In preparation for Workshop 5, please read "Reform in Primary Mathematics Education: A Constructivist View" by Constance Kamii. (All readings are included in the Appendix.)

Moon Journal

Here is something interesting to think about:

Observe the position of the Sun with respect to the Moon in the sky. Does the angle between the Sun and the Moon increase, decrease, or stay the same over your observation period?

Suggested Activity

Sun, Earth, and Moon Angles

One way to chart the Moon's behavior is to chart its position with respect to the Sun and the Earth. Specifically, you can measure the angle between the Moon and the Sun, with the Earth as the vertex of the angle.

At a time when both the Moon and the Sun are visible, measure the angle between the Moon and the Sun from your observing location. Each time you measure and record the angle, also observe and record the shape (phase) of the Moon, and notice whether the lit or unlit portion of the Moon is nearest the Sun.

CAUTION: Never look directly at the Sun.

Estimating Angles with Fists

Just as you can use fists to measure the elevation of the Moon, you can do the same to measure the angle between the Sun and the Moon. Make a fist with each of your hands and hold them out in front of you at arm's length. Count how many fists make up the distance between the Moon and the Sun.

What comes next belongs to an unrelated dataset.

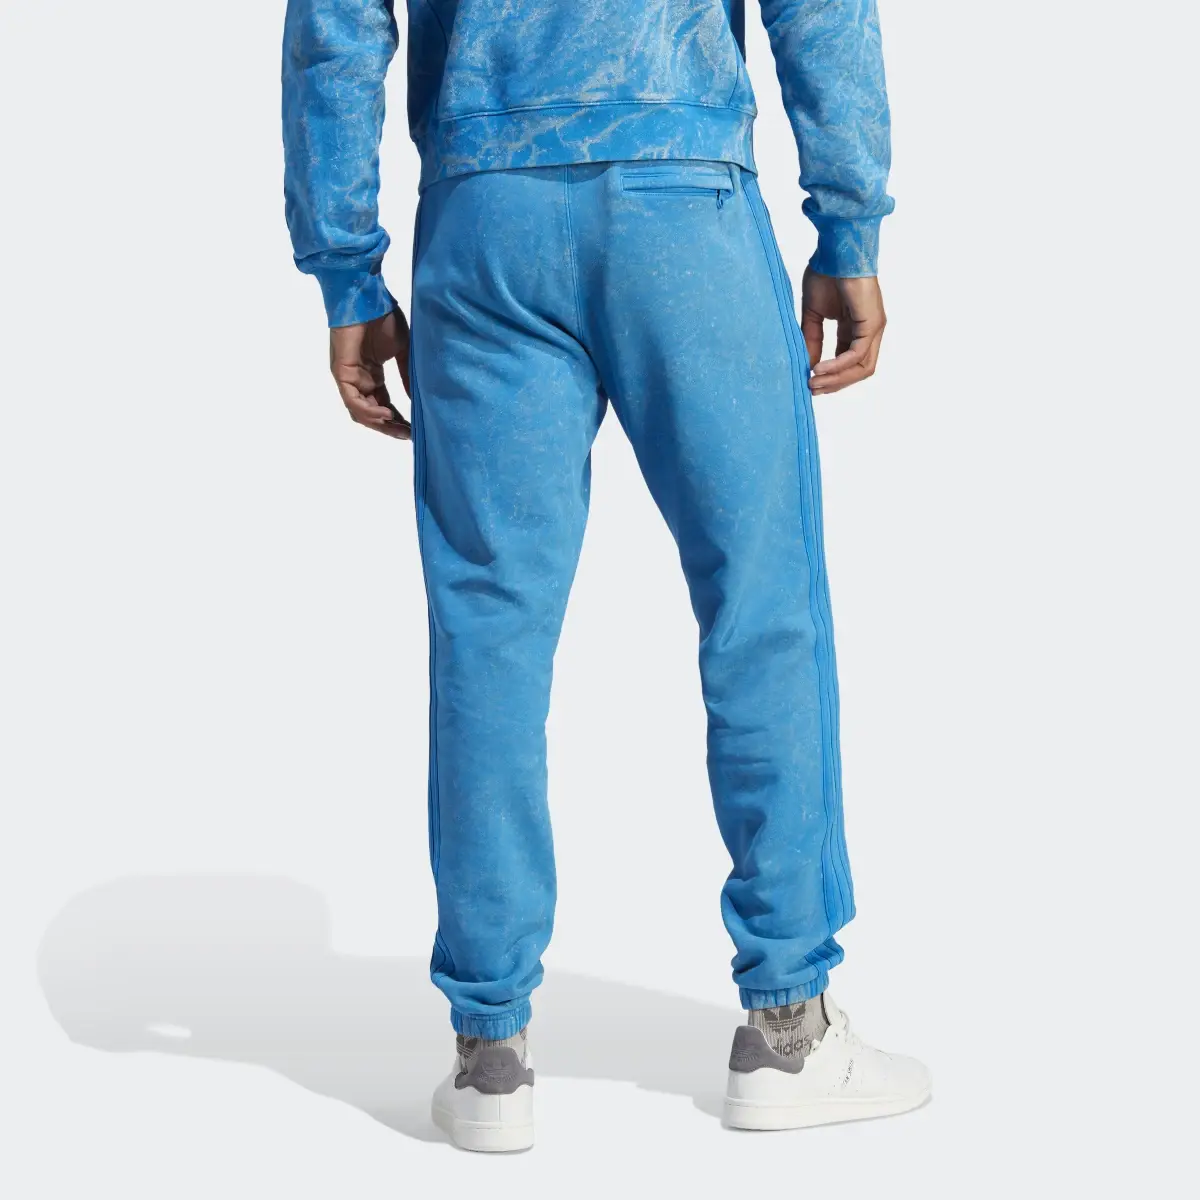 Adidas Spodnie Blue Version Washed. 2
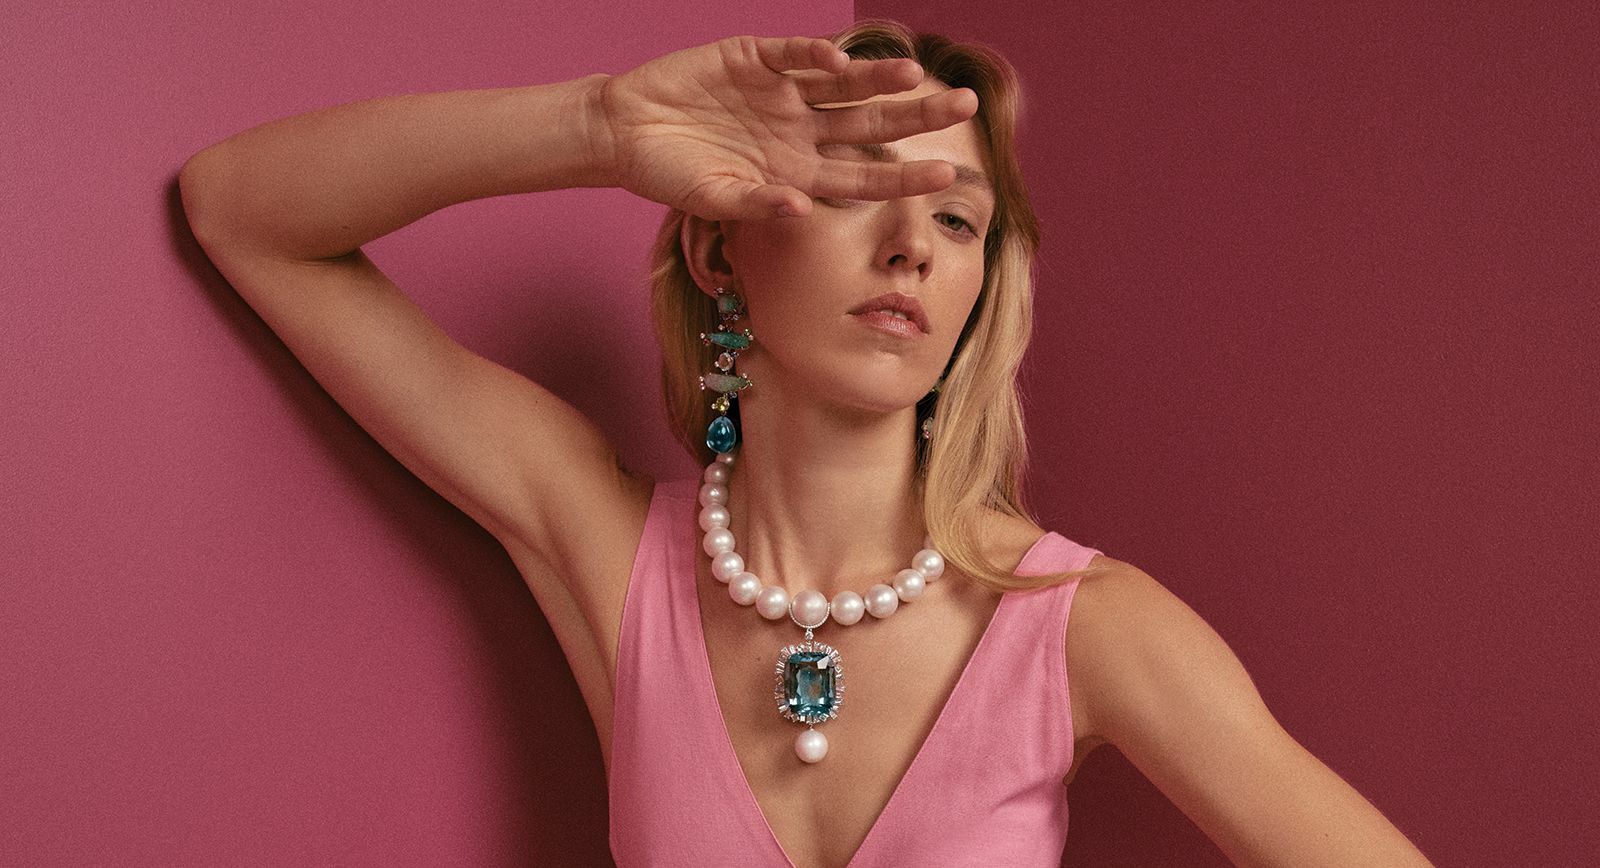 A model wears the Atlantic Queen pendant by Margot McKinney

Measuring Angles with a Protractor

Materials: Clinometer

Instructions

  1. Position your clinometer with the protractor numbers face-up.
  2. Point one end of the straw to the Moon.
  3. Slide the string along the top of the protractor until it is aligned with the direction of the Sun.
  4. Use the numbers along the side of the protractor to calculate the angle between the Sun and the Moon.

Questions

  1. Is the lit or unlit part of the Moon facing the direction of the Sun?
  2. Which direction are the "horns" of a crescent facing with respect to the Sun? Does this change as the angle between the Moon and the Sun changes?
  3. Do you notice a pattern between the Moon-Sun angle and the phases of the Moon?